Post-parturient shedding of Listeria monocytogenes in breast milk of infected mice

Keith P Poulsen 1, DeAnn M Pillers 2, James H Conway 2, Nancy G Faith 3, Charles J Czuprynski 3
PMCID: PMC3974562  NIHMSID: NIHMS563463  PMID: 24246517

Abstract

The objectives of this study were to develop an animal model to study Listeria monocytogenes infection during the peri-parturient period and identify sources of maternal shedding of the pathogen. Peri-parturient mice were infected intragastrically with L. monocytogenes that expressed bacterial luciferase. Mice were then imaged in vivo over time. Secreted breast milk samples from mice infected after parturition were enriched and plated for culture and imaging. Bioluminescence imaging technology was able to detect luciferase emitting L. monocytogenes in vaginal secretions and maternal and fetal organs at 72 and 96 h post infection in mice infected prior to, or just after, parturition. The results from this study clearly show that L. monocytogenes is shed in vaginal secretions and disseminates to the mammary chain, from which it can be shed in the milk of peri-parturient mice.
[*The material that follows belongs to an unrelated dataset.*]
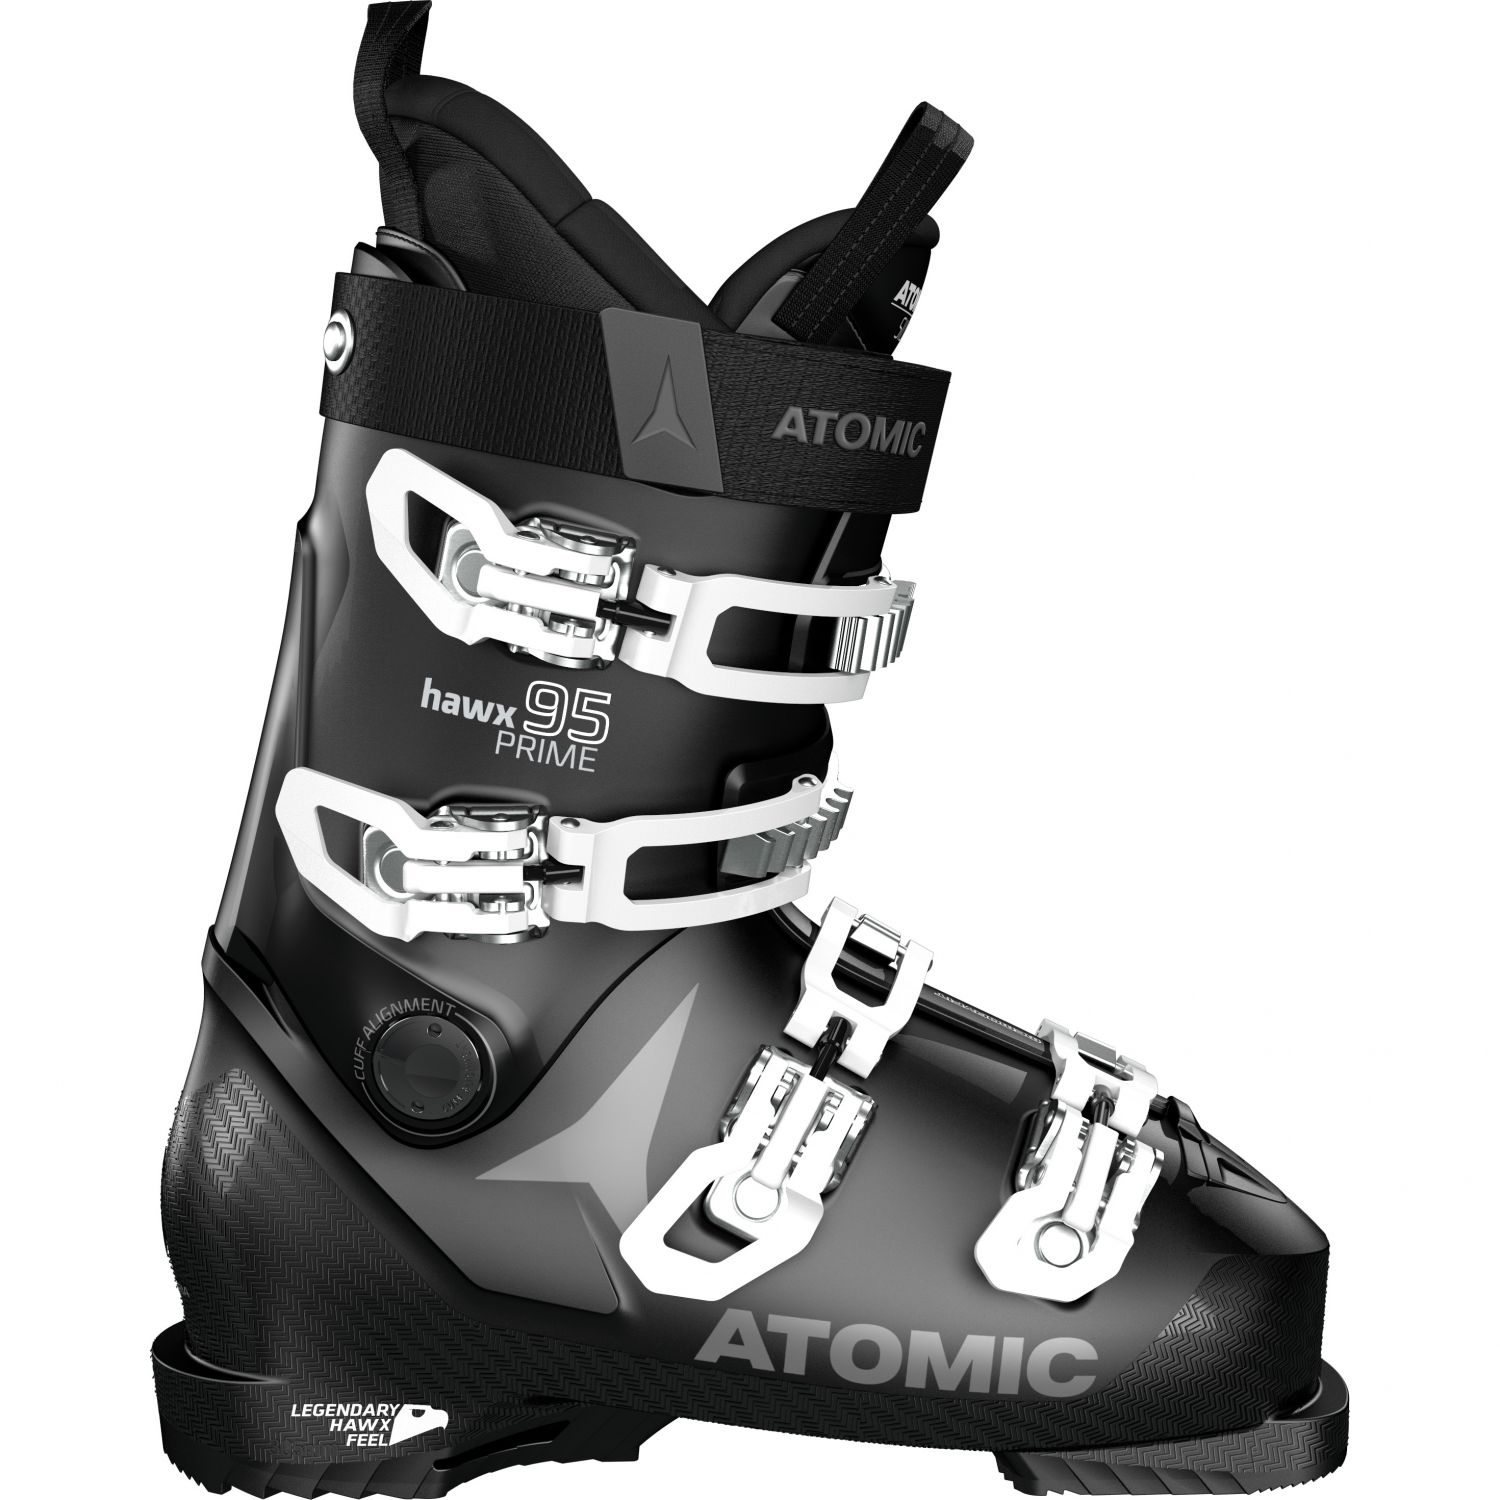 Atomic Hawx Prime 95 AM W, Skischuhe, schwarz

Keywords: Listeria monocytogenes, breast milk, bioluminescence

Introduction

Listeria monocytogenes is an important foodborne pathogen, with a predilection to infect the fetus and neonate in both human and veterinary species. Twenty-two percent of human perinatal infections result in stillbirth or neonatal death (1). L. monocytogenes are also one of the three major worldwide causes of human neonatal meningitis. Neonatal listeriosis manifests in two forms: early or late onset (2). Infants with early onset neonatal listeriosis are thought to be infected either in utero during the bacteremic phase of the mother, who may present with a flu-like illness, or by ascending infection from the birth canal (3). Average time for onset of clinical illness is 1.5 days of age. Presenting symptoms are consistent with sepsis including acute respiratory distress, fever, and lethargy. In addition, infants can develop pneumonia, and rarely meningitis or myocarditis (2). Late onset neonatal listeriosis is less common and occurs more frequently in infants who are healthy at birth from uncomplicated pregnancies and normal maternal health (4). Transmission in late onset listeriosis is assumed to occur during passage through the birth canal, or via nosocomial infection of the infant (5). Average age for onset of clinical disease is 14.3 days and is more commonly associated with meningitis than sepsis. The late onset form of neonatal listeriosis can also present with mild to moderate clinical signs including fever, anorexia, diarrhea, and lethargy or irritability (6).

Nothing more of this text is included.